If you ask why, it's because I can't do it anywhere else. The night is my only freedom. In the morning Sarah (my maid) comes and watches over me while I dress and eat with her help. As if I couldn't do that by myself. From her on, I'm passed from a thousand hands that teach me how to speak, write, walk and curtsy, and a million other abominable things that I wish I could throw down into the moat through the highest window. Except that I'm not even allowed to the second highest tower without my mothers say so. Well, my *adopted* mother, anyways. I don't even belong here. I'm not related to the royal family in any way. Nobody knows that except them and I, though. The servants and the populace have absolutely no idea. Well, I can see why. I do sort-of look like mother, with the brown hair. You wouldn't know unless you examined our blood. Besides, I've been here since I was a baby. When the real princess died at birth, they simply covered it up with my sudden appearance. I hardly remember anything about my previous family or life, but I know at least one thing. I have a secret that not even the royal family knows about.

I'm not from this time.

I'm from the future.

It took me a while to figure it out. When you travel back to the past, your time reverses ten years for every century. I don't know how old I was when I was sent, but it was a close call. Any further back, and I would've disappeared. By the way, if you travel to the future, it's almost the same thing, except the opposite. You age ten years for every century forward you go. If you get back to your time somehow, then your age snaps back to what it originally was. Since your age reverses when you go back to the past, your brain also changes. I had forgotten all about my previous existence. When I finally got older that I could start thinking for myself, my memories started returning. At first I was confused at what they were, but when I saw the insignia on my chest and put the pieces together, it all made sense. That insignia has the pattern of the falcon representing the time society from my time. They put an insignia on you so that other time travelers can recognize you, and also so that they can pull you back if you are causing trouble. I don't know if or when they are going to pull me back. I still can't remember why I'm here, pretending to be a princess that's already died. Whenever I think on this, I get extremely scared. All the people I've grown up with could disappear in a single moment, and I would never see them again. But there's something even more terrifying than that. I don't know why I'm here. It's not chance that I was put in such an important position as a part of a royal family. But I still can't remember what my mission is. If I fail that mission without knowing what it was, what could happen?

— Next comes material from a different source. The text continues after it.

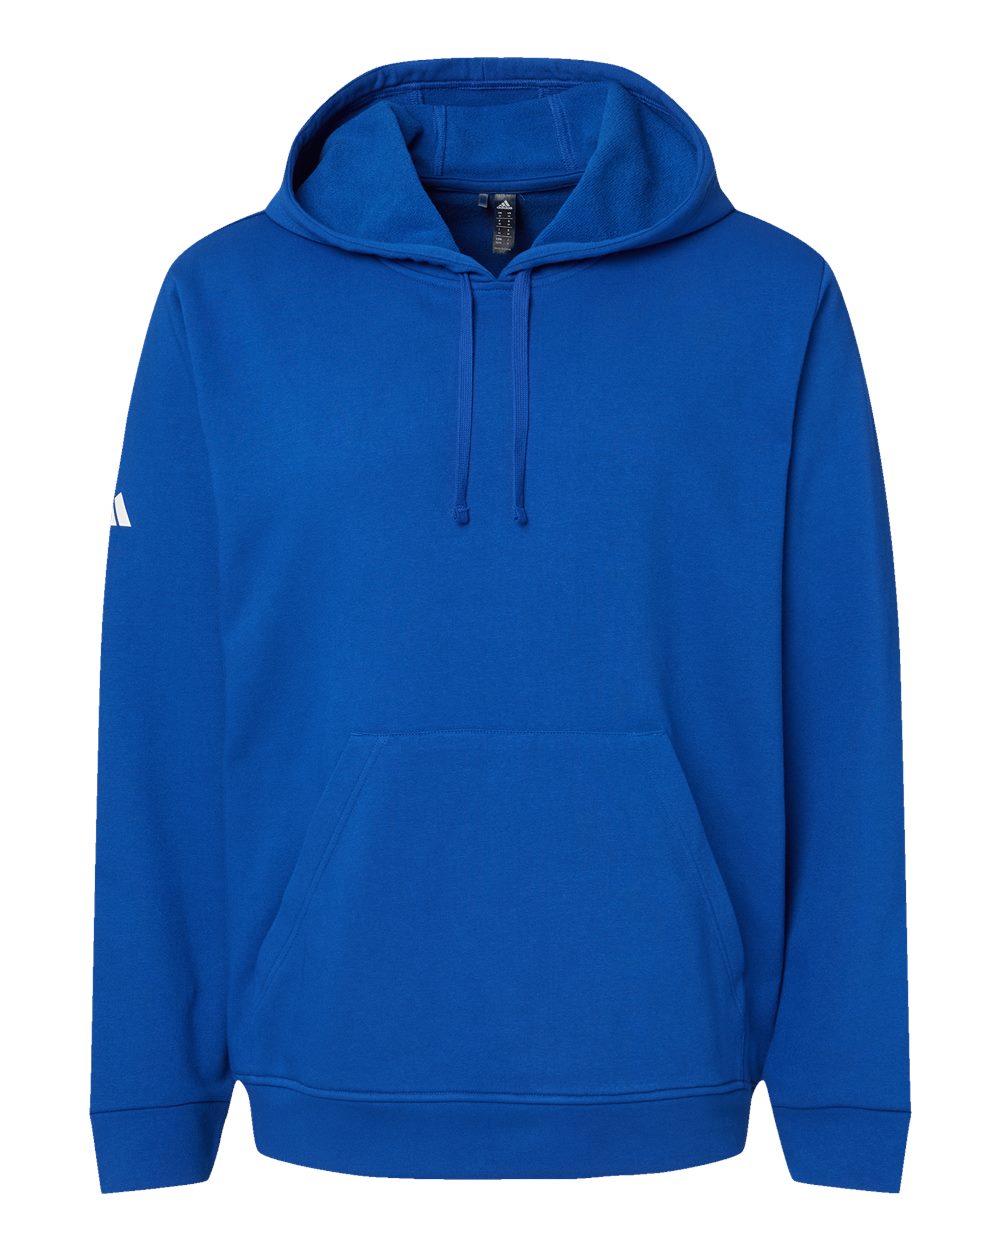 Adidas Fleece Hooded Sweatshirt

War is approaching. Already, I'm seeing the signs of death roaming in the shadow of our country. Since I don't know what my mission is, I might have to try something reckless. If I can't remember what it was that I am supposed to do in time, then I will have to go back to my time to figure it out. I've searched books and my memory to remember how to get back. If I can find out what my mission is, and be able to come back, then there is a better chance of my succeeding. I'm only worried about one thing. I was a baby when I arrived in this time. I'm not sure what time I am from. Or original age. If I happened to be 90 years old, it would mean that I had gone 9 centuries back into the past. I'm already 18 in this time spell. If I go forwards 9 centuries, I will already be dead by the time I get there. Death is faster approaching then snapping back. So, Death, I have a favor to ask of you. Please don't come. Please let me get back to my time and back safely enough so I have even the sliver of a chance to save this time space. Please guide me so I am able to save the people I love. I beg you.